Read single quoted values inside strings

Hi all, I have opened a text file using the readlines() function. This text file has various sections containing different information. In some of the lines i am finding strings that contain information inside single quotes. There are multiple words within these quotes. how can i keep ‘THIS TEXT’ intact when splitting following string "#1 1 0 'THIS TEXT' '' '88218681' 0.398 1 '' 1 1 2 0 168384 461330 0 " at every “” ? splitting up at every space breaks the single quoted text in two.
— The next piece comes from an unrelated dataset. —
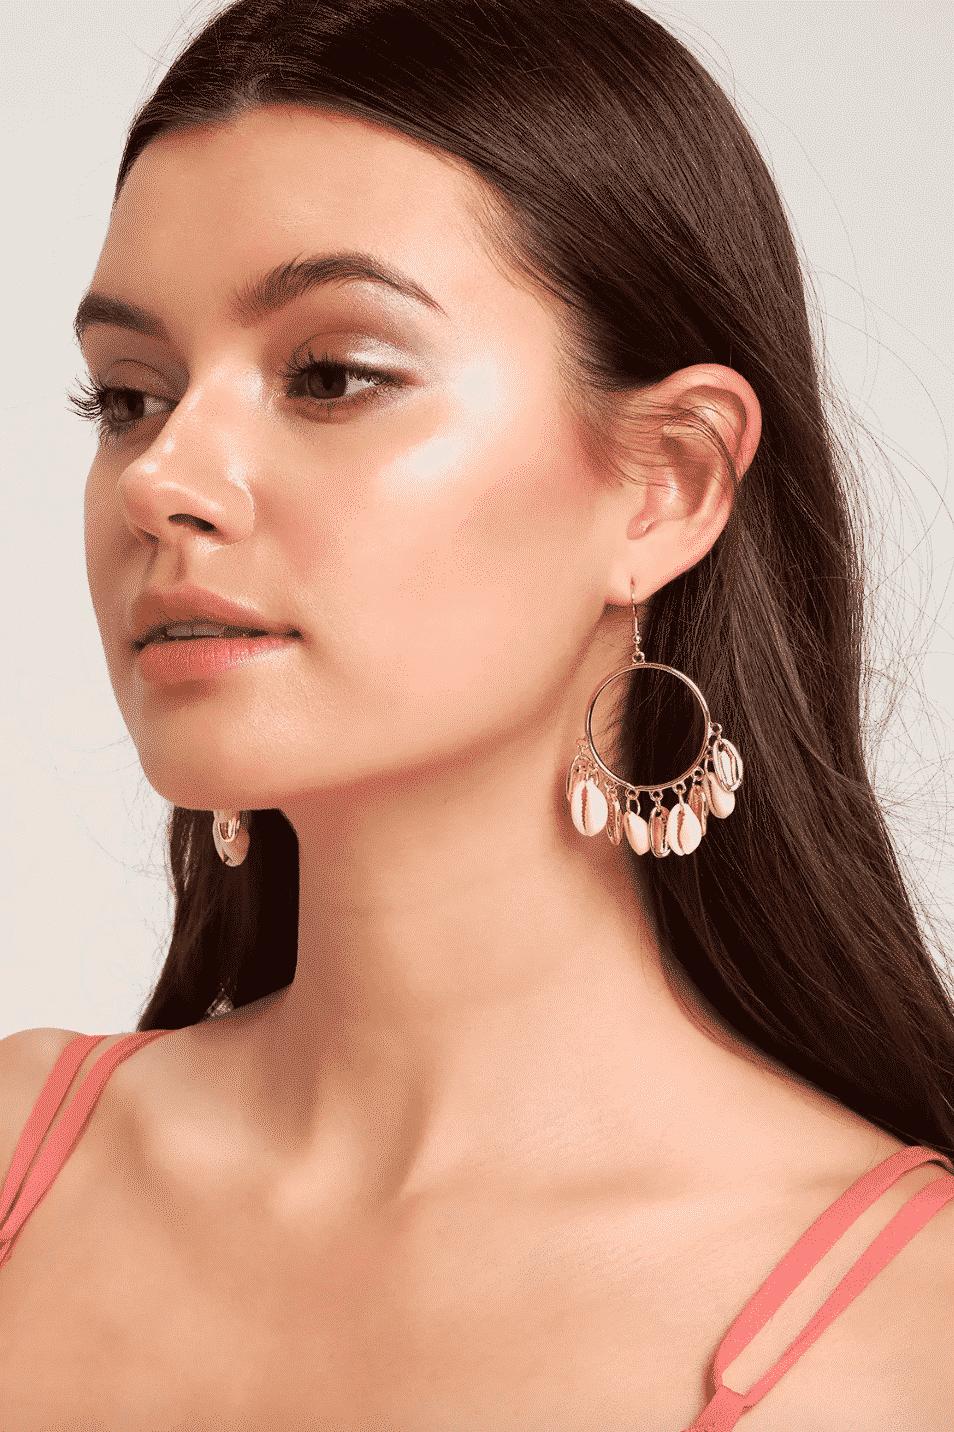 Shell earrings - spring 2019 jewelry trends

I believe that if you were using double quotes instead (as it is usual) maybe you could use DelimitedFile.readdlm.

Thank you Henrique, but that is exactly my problem. The textfile is an export from some application which i can not change.

Cannot you read the whole file to a String, replace all single quotes by double quotes, and then write it to a string buffer to pass it to DelimitedFiles.readdlm?

That’s worth a try, Thanks

Ugly … but seems to work on your test line:

function tokenize(s)
    outbuffer = []

    buffer = []
    quoted = false

    for c in s
        if quoted
            if c == '\''
                push!(outbuffer, join(buffer))
                quoted = false
                buffer = []
            else
                push!(buffer, c)
            end
        elseif isspace(c)
            !iszero(length(buffer)) && push!(outbuffer, join(buffer))
            buffer = []
        else
            if c == '\''
                quoted = true
                continue
            end
            push!(buffer, c)
        end
    end

    outbuffer
end
test = "#1 1 0 'THIS TEXT' '' '88218681' 0.398 1 '' 1 1 2 0 168384 461330 0 "
tokenize(test) = Any["#1", "1", "0", "THIS TEXT", "", "88218681", "0.398", "1", "", "1", "1", "2", "0", "168384", "461330", "0"]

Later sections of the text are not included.